Tatis was not in the clubhouse after Friday’s loss but addressed the gaffe after Saturday’s win.
“Being aggressive with it and the ball was hit hard, and it skipped on me,” Tatis said. “Probably not going to see much of that in myself, but it’s going to be looping around for — I don’t know — I haven’t had one of those in like three years. Yeah, it’s baseball. Especially the time of it, it was not the best, but you have to stick with it and find a way to help the team.”
Machado’s eighth-inning homer — his 200th as a Padre — arrived after Miller fetched a groundball to strand Adrián Morejón’s runner on second base. Jeremiah Estrada and Jason Adam followed Vásquez with scoreless frames, but the Cardinals got to Morejón in the eighth with a hit-by-pitch and Ivan Herrera’s run-scoring double.

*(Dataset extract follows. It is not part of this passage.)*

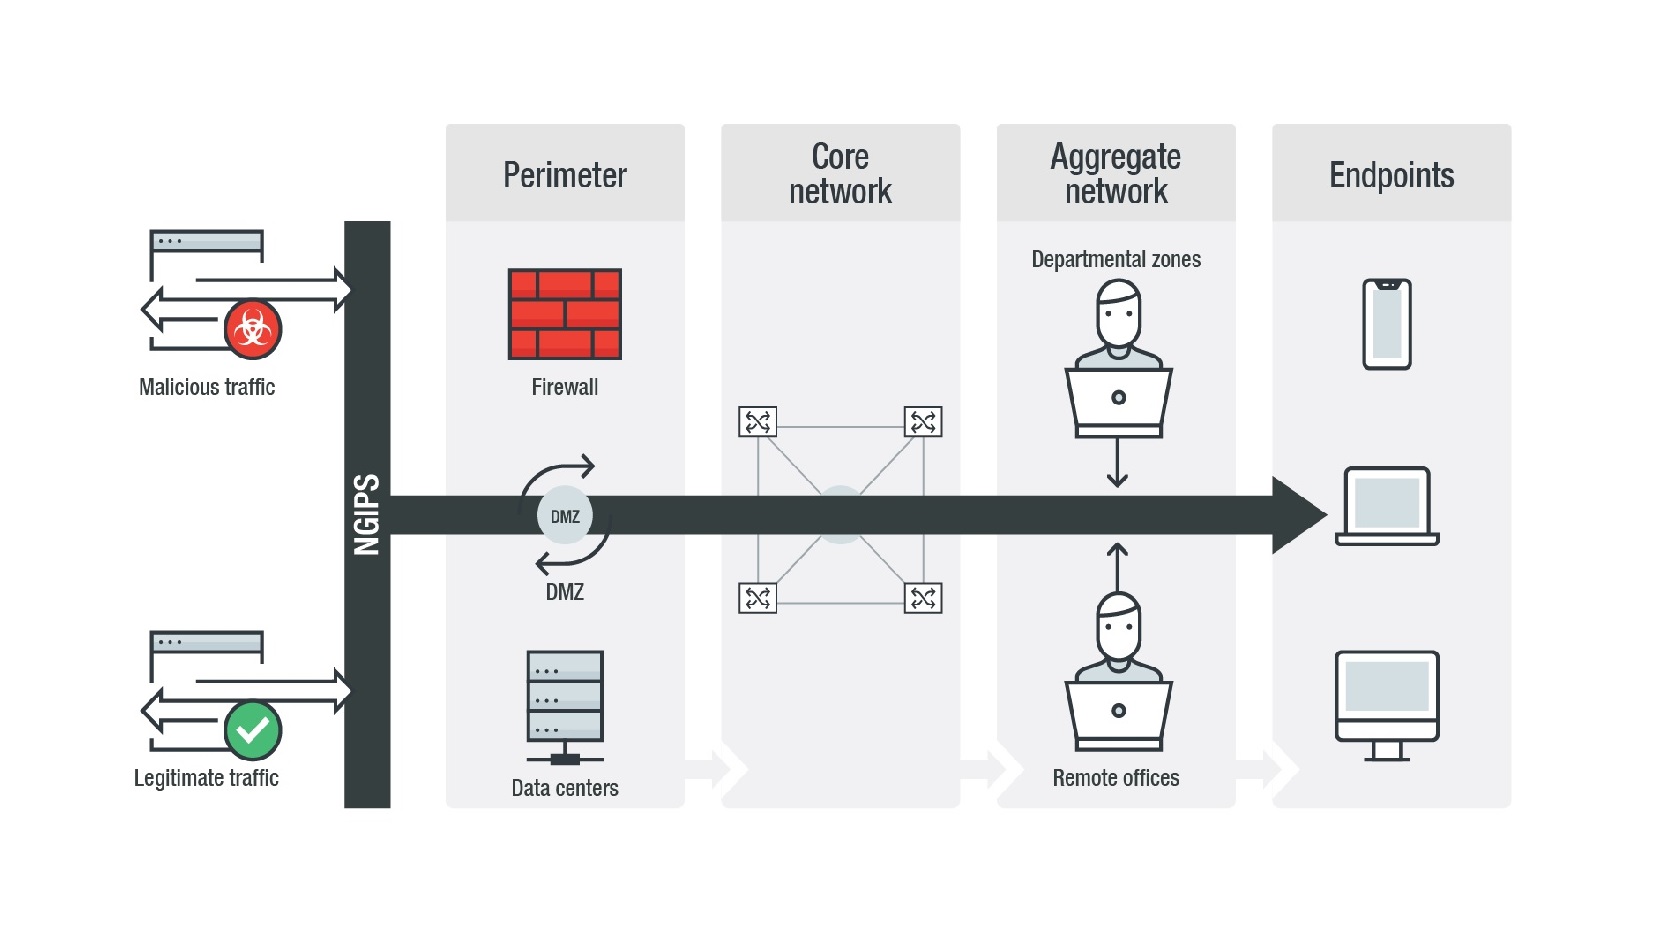 Guide To Network Threats Strengthening Network Perimeter Defenses With Next Generation Intrusion Prevention Security News

Morejón stayed in the game to get the left-handed Alec Burleson to ground out to short for the second out. Miller then came in and got a quick groundball from Walker, who is ninth in the majors with a .946 OPS.
Miller walked two in the ninth and even loaded the bases on a wild-pitch strikeout with two outs before striking out Wetherholt with a rare fourth strikeout of the inning.
“Just got to (go) right at guys, especially after Manny tacked on a run for me, too,” Miller said of his second four-out save and MLB-leading 12th save of the season. “You know, just straight ahead. You don’t want to put the tying run on base and even a little more than that. So just going out there and calming your mind and calming your body a little bit and just go right at guys. That’s been what’s been successful this year, and kind of got away from that today.
“And we see what happens when you’re not getting ahead of guys.”